Tetra Master from FF9. Too complicated to explain the full rules here , but the calculations at the bottom of this post shows the main problem with this cardgame. A cardgame that requires so many random numbers to calculate who wins is awful. You can have a card with a 2 for attack beat a card with 10 for defense because of it. Blitzball was an incredible step up in ambition & competence compared to the garbage game that Tetra Master is. Yes, it might not be a minigame that you play over a real sportsgame, but it was well fleshed out, had a neat transfer system in place and interesting tournament prizes. Also, the enemies become better over time and get more moves. And if you don't like it at all, it's completely skippable apart from 1 match. Sounds like a great implementation of a minigame to me.

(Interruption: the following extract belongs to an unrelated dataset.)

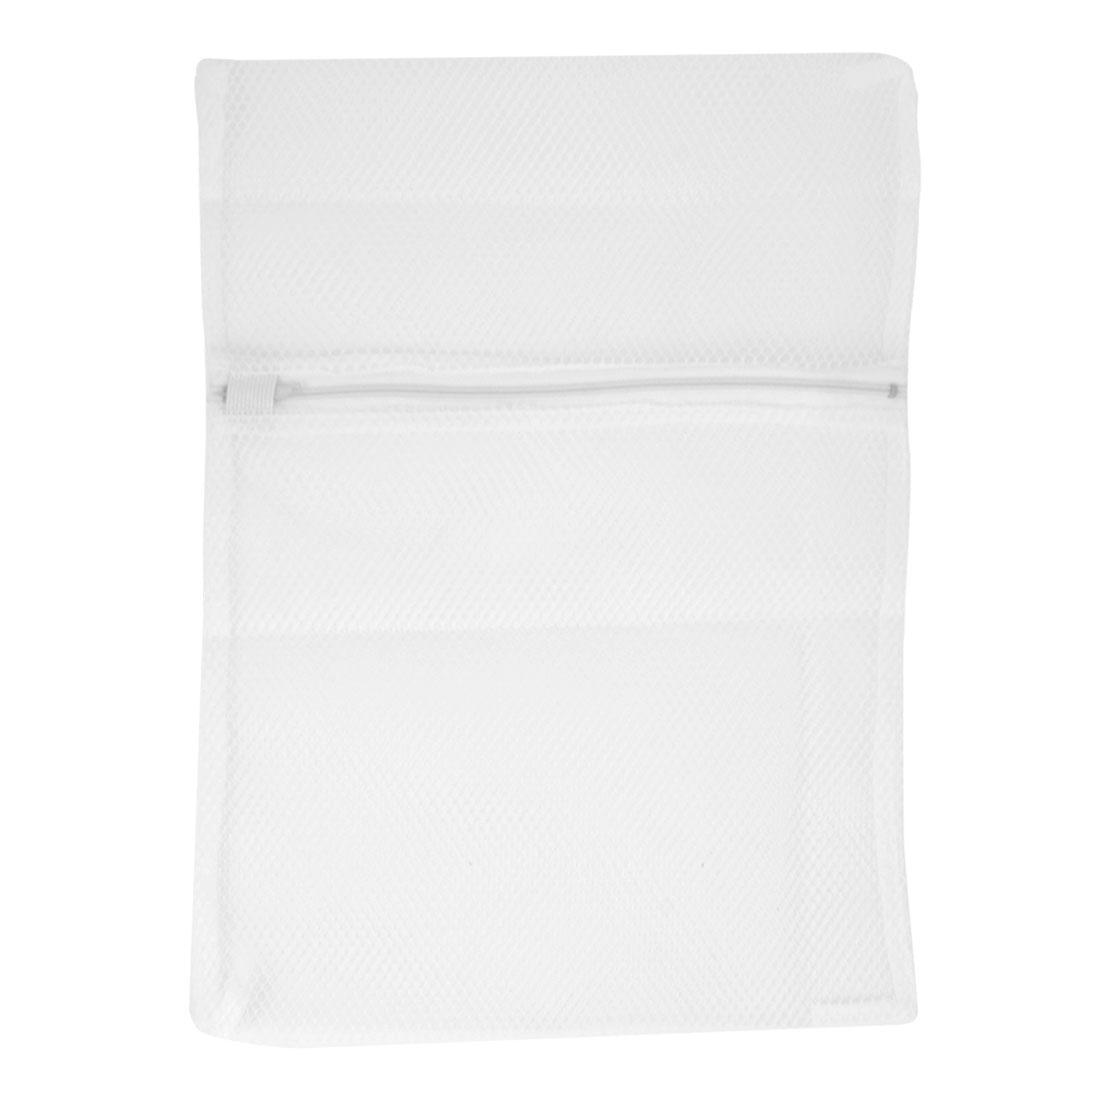 Washing Machine Zipper Closure White Nylon Mesh Clothes Socks Washing Bag 30cm x 40cm

I remember booting up the PS2 specifically to play some Blitzball tournaments & get a better team instead of actually playing the game.

Phase 1:
  • The challenging card's power value is randomly chosen within the stat range.
say, 85 (stat 5 = between 80 and 95)
  • The defending card's defense value is randomly chosen within the stat range.
  • The challenging card's battle class is physical so physical defense is chosen.
say, 23 (stat 1 = between 16 and 31)
Phase 2:
  • Next, a random number is chosen between 0 and the power value chosen for the challenging card (85).
  • This is the actual attack score.
say, 71
  • A random number is chosen between 0 and the defense value chosen for the defending card (23).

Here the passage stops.